L’équité commande que Monsieur et Madame X ne conservent pas à leur charge les frais qu’ils ont dû engager tant en première instance que devant la cour, les époux C et la société L M seront condamnés in solidum à leur verser une indemnité de 5000€, les époux C étant garantis intégralement par la société L M, les autres demandes à ce titre étant rejetées.

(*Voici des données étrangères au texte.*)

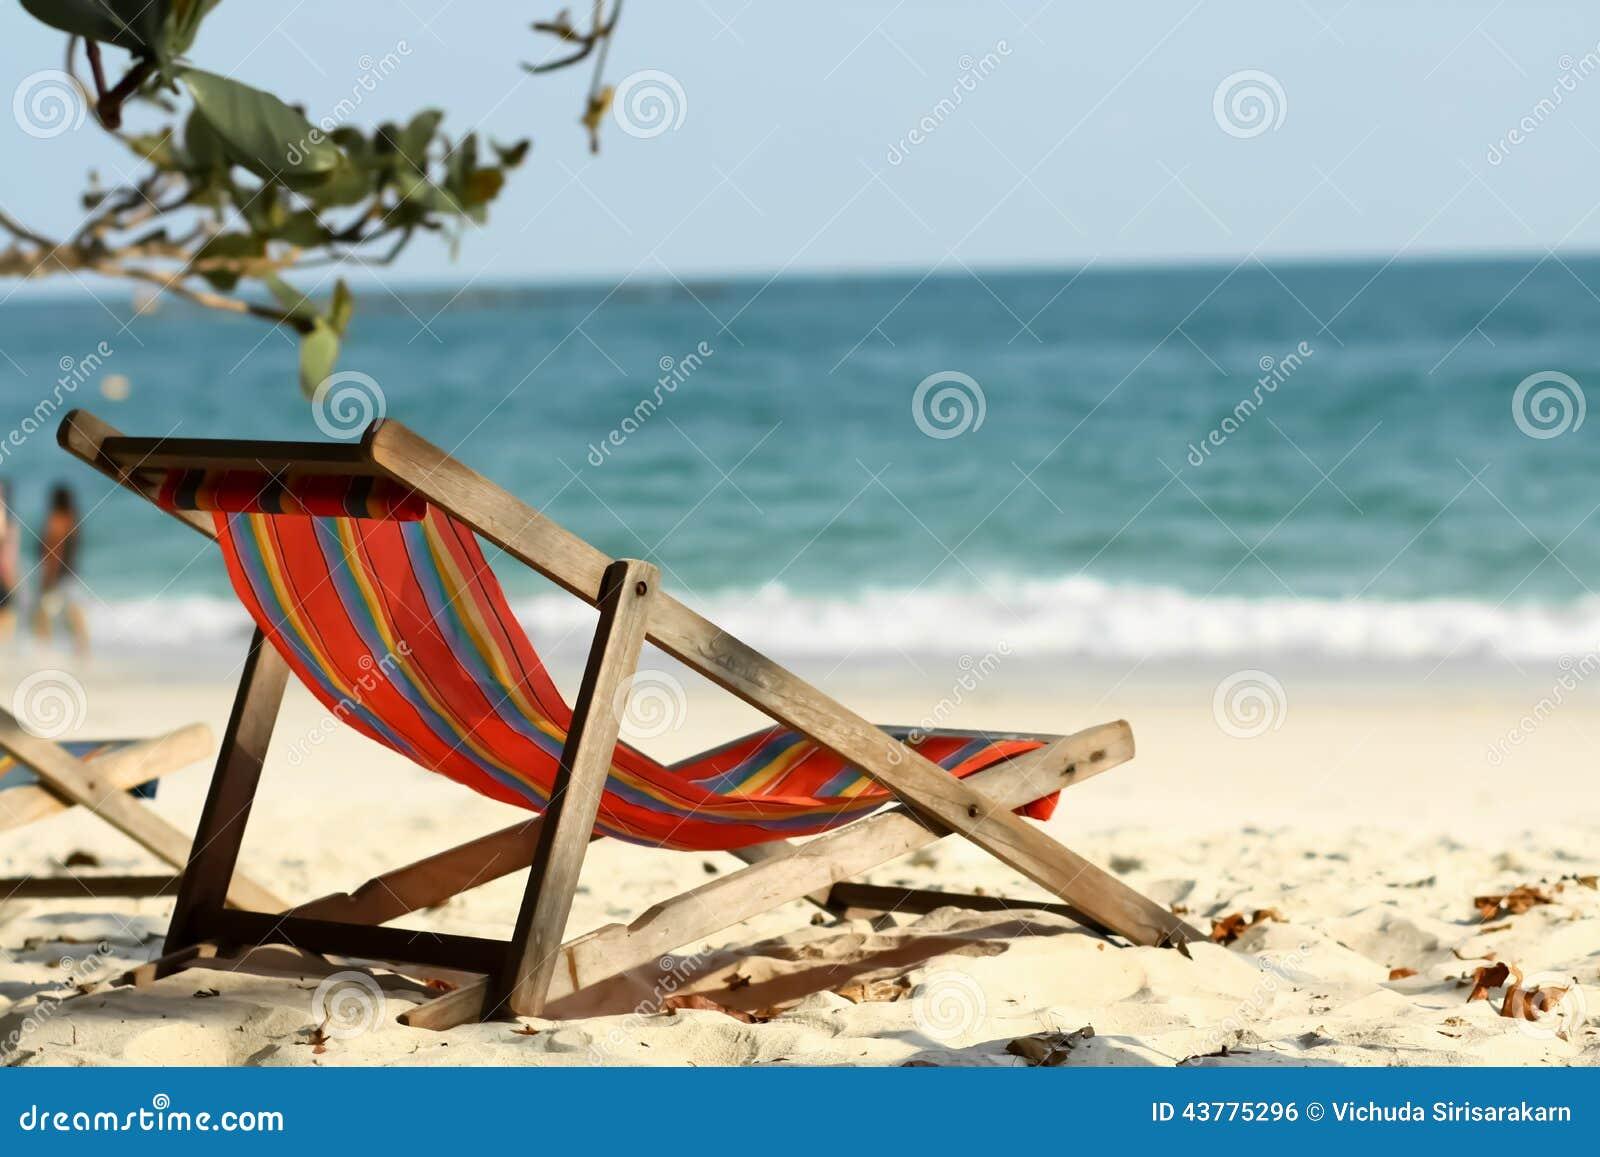 A empty chair on the beach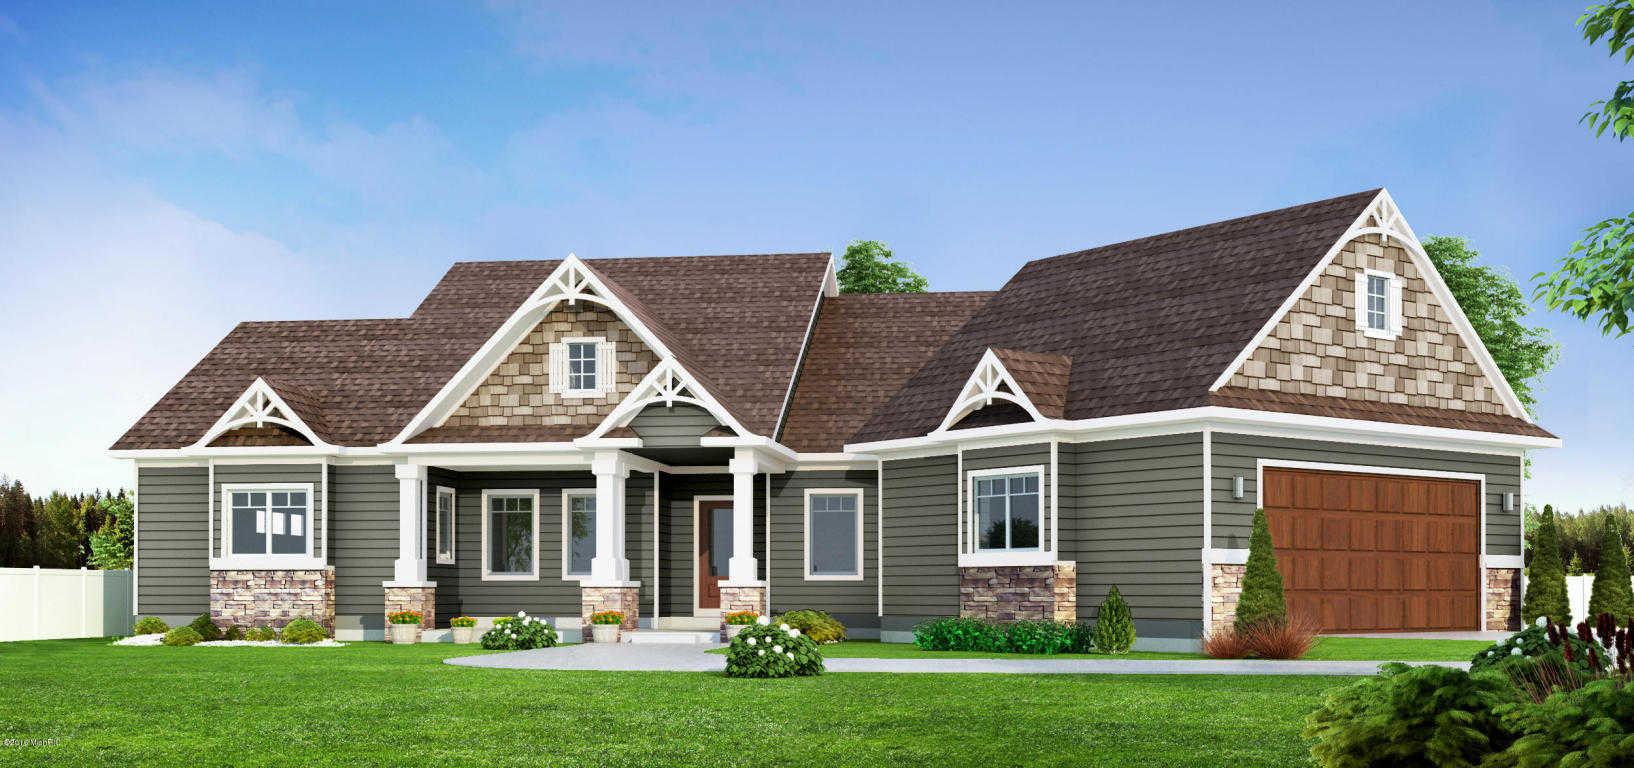 Mls 16035491 11 alden ridge lowell mi 49331 ksc for Alden homes

Monsieur et Madame C et la société L M seront condamnés aux dépens de première instance et d’appel qui seront recouvrés conformément aux dispositions de l’article 699 du code de procédure civile , les époux E étant garantis intégralement par la société L M.
I-Par ces motifs :
La Cour,
Infirme parrtiellement le jugement, reprenant pour une meilleure compréhension l’ensemble du dispositif,
Condamne in solidum Monsieur et Madame C et l’EURL L M à payer à Monsieur et Madame X,
— la somme de 128772,77€, indexée sur l’indice du coût de la construction en fonction du dernier indice connu au jour du paiement, l’indice de référence étant le dernier indice connu au 18 avril 2008, au titre des travaux de reprise,
— la somme de 17547,62€ au titre des préjudices annexes et du trouble de jouissance arrêté au mois d’avril 2008,
— une somme mensuelle de 300€ au titre du préjudice de jouissance à compter du mois de mai 2008 et jusqu’à la date de paiement des sommes dues au titre des travaux de reprise augmentée de trois mois,
— une somme de 2000€ au titre des troubles et perturbations subis, ce in solidum avec :
Maître A et Maître Y dans la limite de 15000€ outre intérêts au taux légal,
Condamne la société L M à garantir Monsieur et Madame C de l’intégralité des condamnations mises à leur charge,
Déboute Monsieur et Madame C de leur demande de garantie contre Maître A et Maître Y,
Déboute Maître A et Maître Y de leur demande de garantie de la part de condamnation mise à leur charge, contre Monsieur et Madame C et la société L M,
Condamne in solidum Monsieur et Madame C et la société L M à payer à Monsieur et Madame X une somme de 5000 €, au titre des frais irrépétibles de première instance et d’appel, la société L M devant garantie intégrale à Monsieur et Madame C,
Réjette les autres demandes au titre des frais irrépétibles,
Condamne in solidum Monsieur et Madame C et la société L M aux dépens de première instance et d’appel qui seront recouvrés conformément aux dispositions de l’article 699 du code de procédure civile , la société L M devant garantie intégrale aux époux C.